__Your goal__
The listing below holds a line with "A 1966 shilling and its 1968 replacement" and a line with "Lviv, Ukraine. 10th". Reproduce those two lines exactly, plus everything between them.

__Provided data__

***

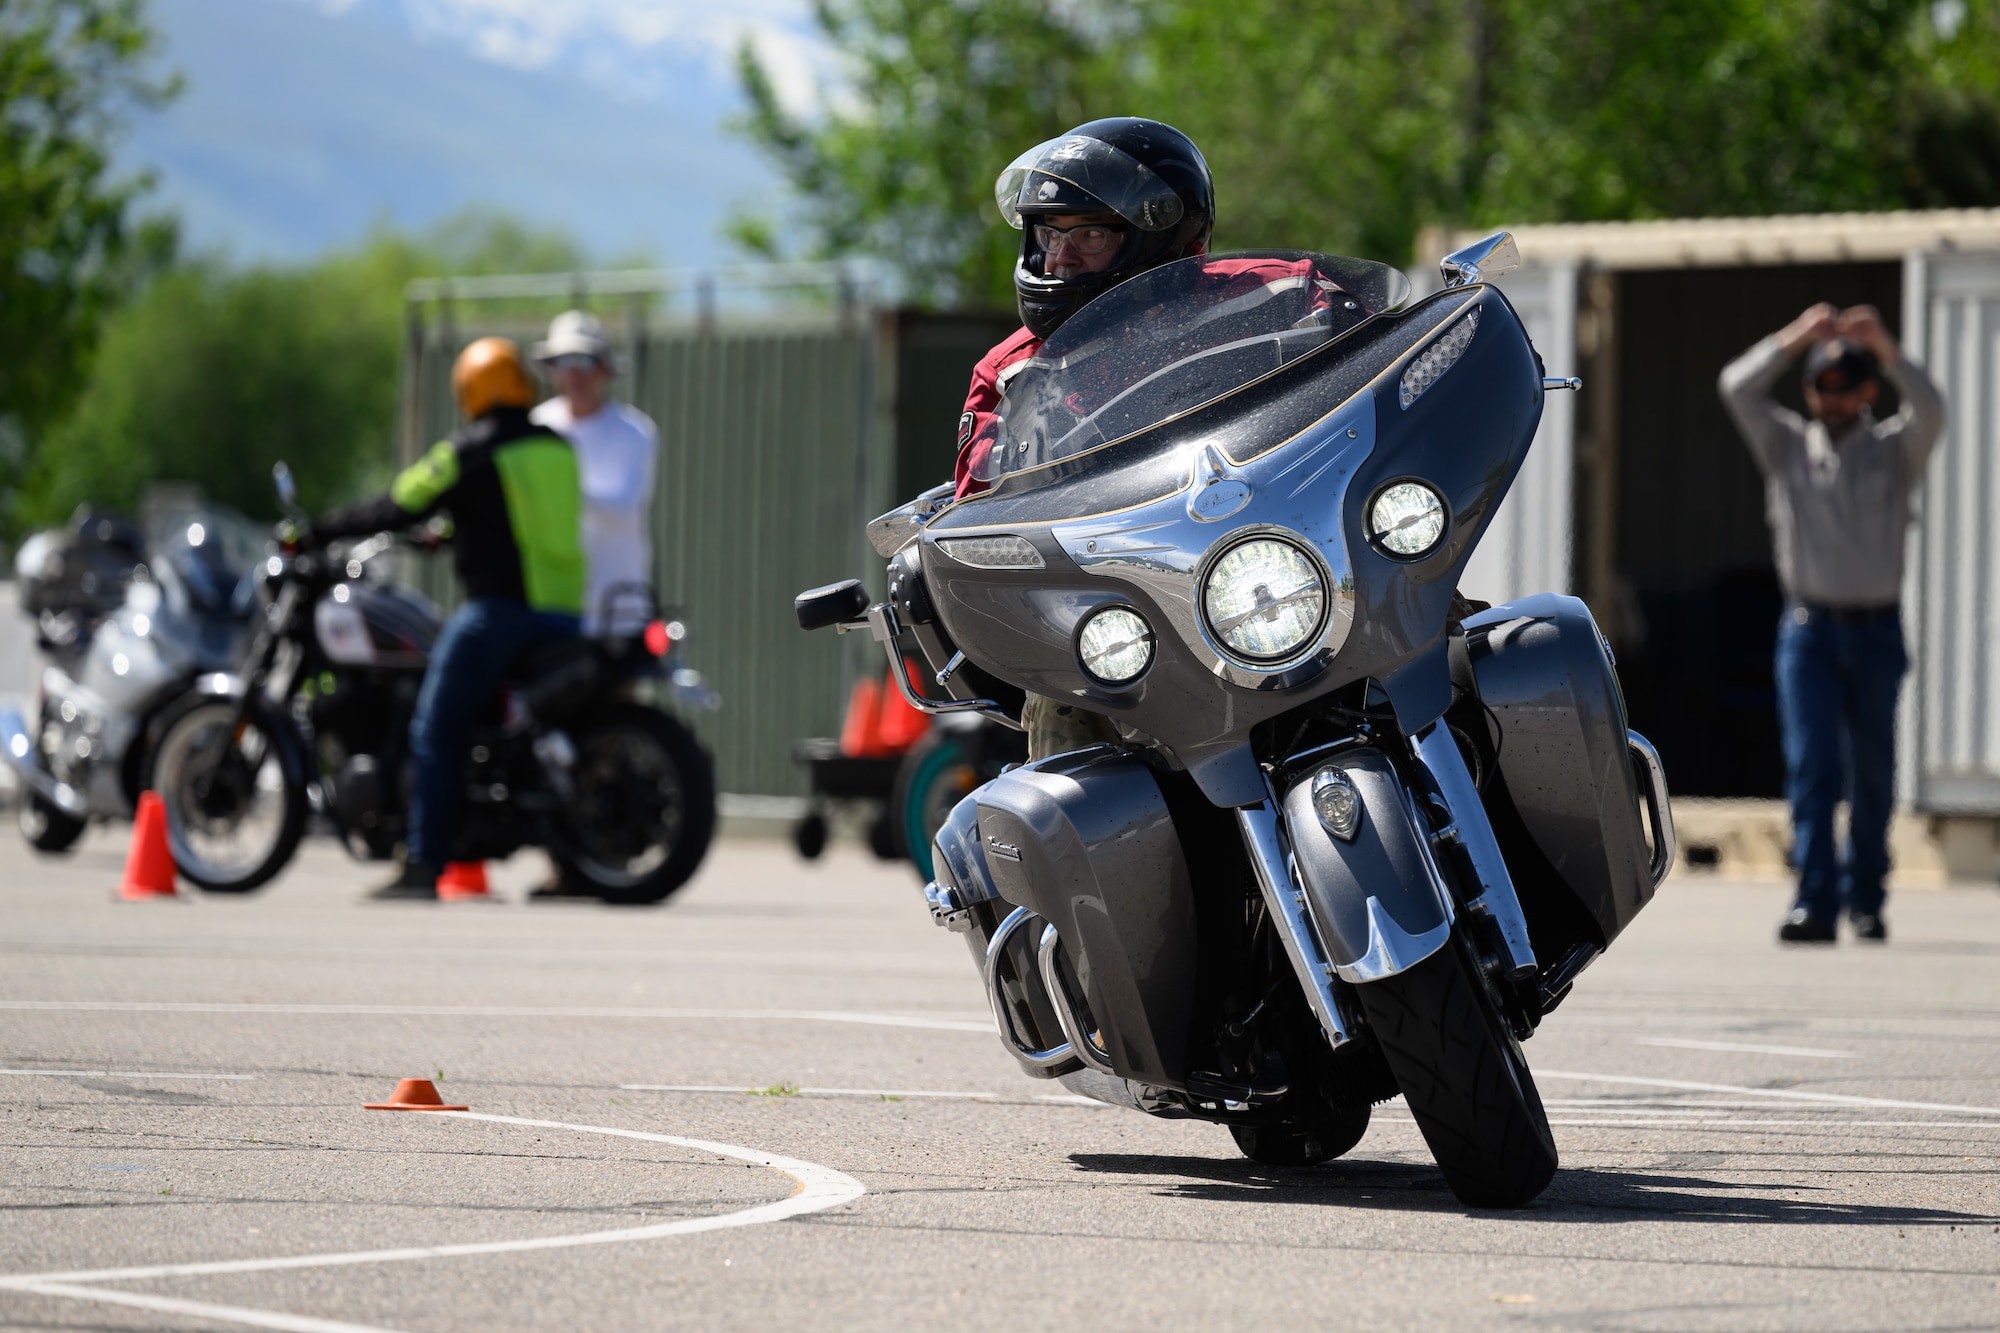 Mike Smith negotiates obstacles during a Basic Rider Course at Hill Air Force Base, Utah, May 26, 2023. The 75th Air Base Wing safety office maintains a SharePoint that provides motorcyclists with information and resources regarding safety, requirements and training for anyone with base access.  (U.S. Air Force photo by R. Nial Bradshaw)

***

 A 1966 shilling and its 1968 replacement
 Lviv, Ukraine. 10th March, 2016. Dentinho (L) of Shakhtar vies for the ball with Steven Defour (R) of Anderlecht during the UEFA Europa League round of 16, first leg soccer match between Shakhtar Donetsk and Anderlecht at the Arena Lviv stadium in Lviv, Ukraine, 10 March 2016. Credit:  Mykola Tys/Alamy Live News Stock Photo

***

__Answer to this exercise__
 A 1966 shilling and its 1968 replacement
 Lviv, Ukraine. 10th March, 2016. Dentinho (L) of Shakhtar vies for the ball with Steven Defour (R) of Anderlecht during the UEFA Europa League round of 16, first leg soccer match between Shakhtar Donetsk and Anderlecht at the Arena Lviv stadium in Lviv, Ukraine, 10 March 2016. Credit:  Mykola Tys/Alamy Live News Stock Photo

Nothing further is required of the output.